#### [Material to process]
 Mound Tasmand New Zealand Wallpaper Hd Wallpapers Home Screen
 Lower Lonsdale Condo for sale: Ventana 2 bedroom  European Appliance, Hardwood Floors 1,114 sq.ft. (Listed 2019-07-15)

...

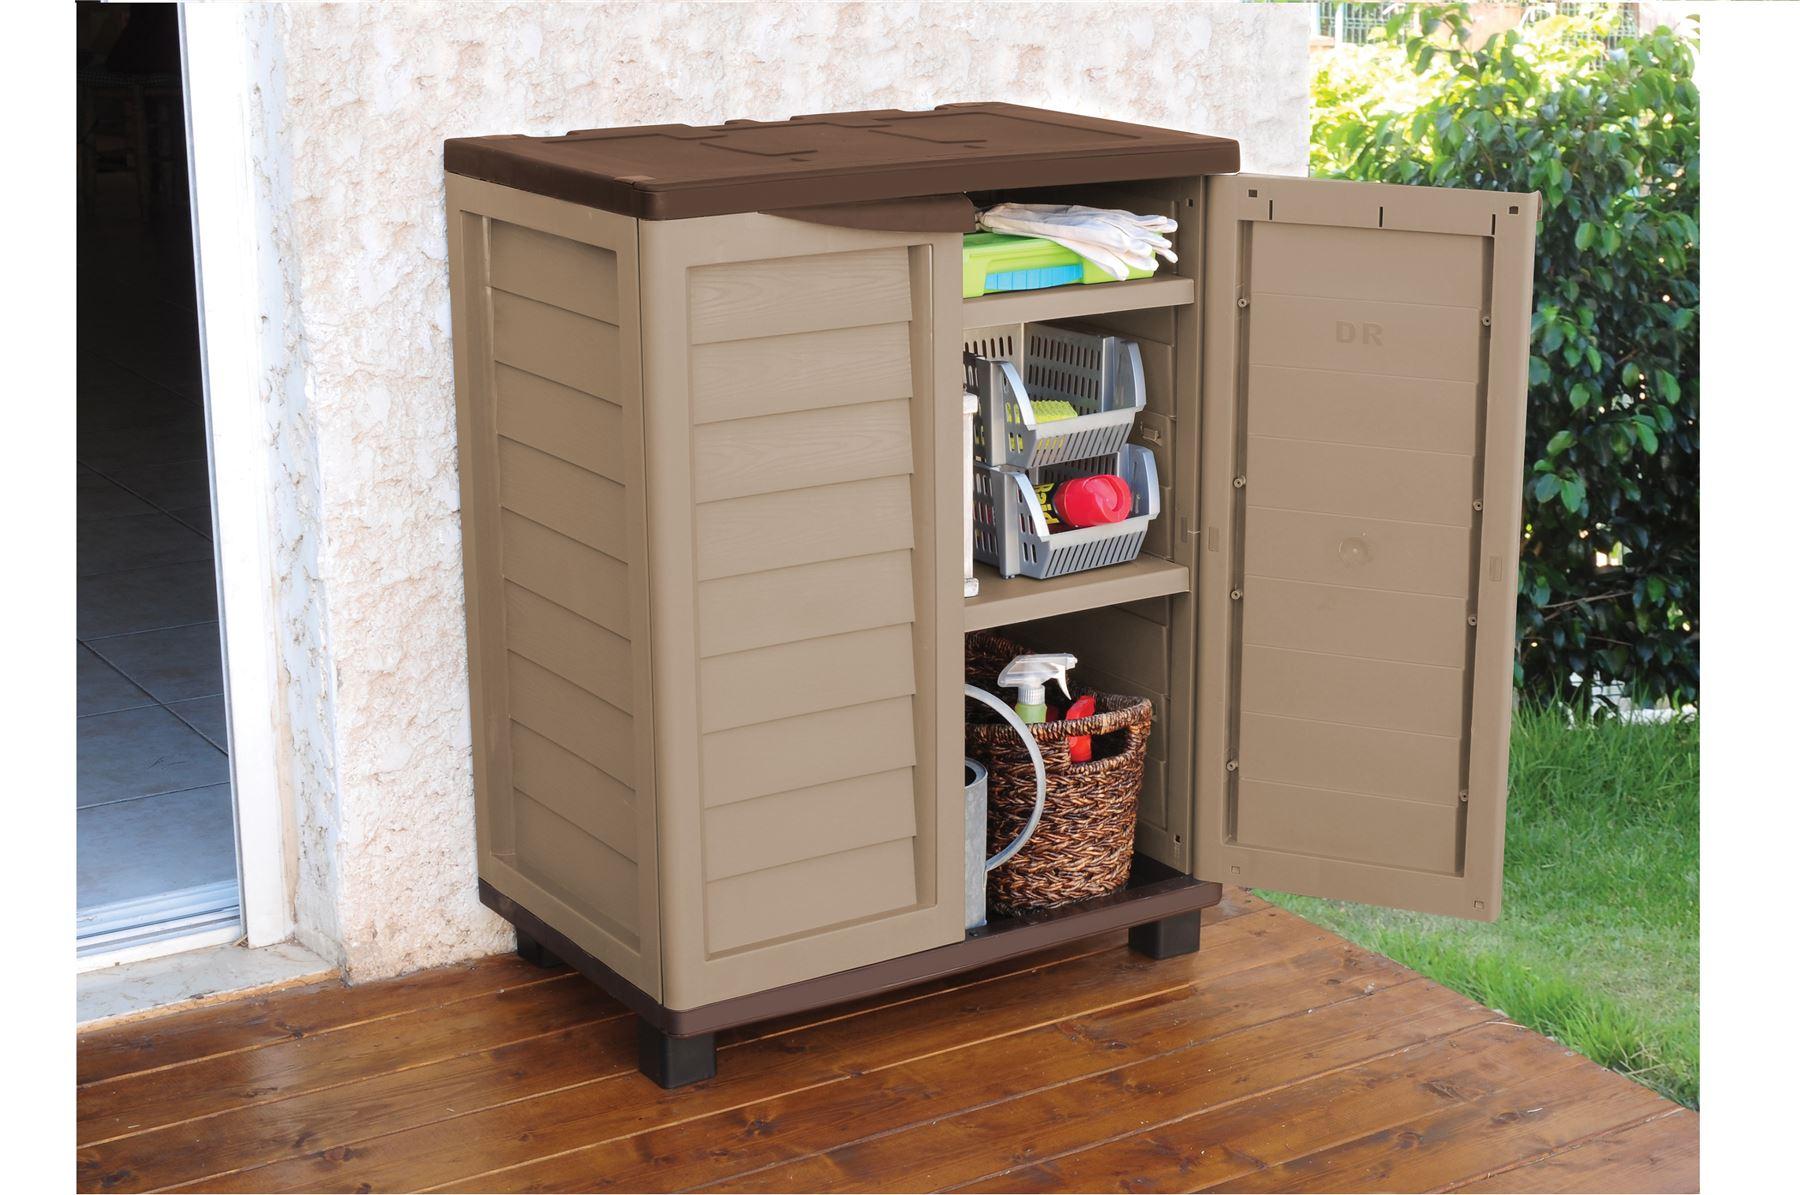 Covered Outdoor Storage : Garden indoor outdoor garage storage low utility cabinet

#### [Brief]
Where the line holding "Mound Tasmand New" appears in the listing above, start reproducing exactly, and end with the line holding "Lower Lonsdale Condo".

#### [Exercise result]
 Mound Tasmand New Zealand Wallpaper Hd Wallpapers Home Screen
 Lower Lonsdale Condo for sale: Ventana 2 bedroom  European Appliance, Hardwood Floors 1,114 sq.ft. (Listed 2019-07-15)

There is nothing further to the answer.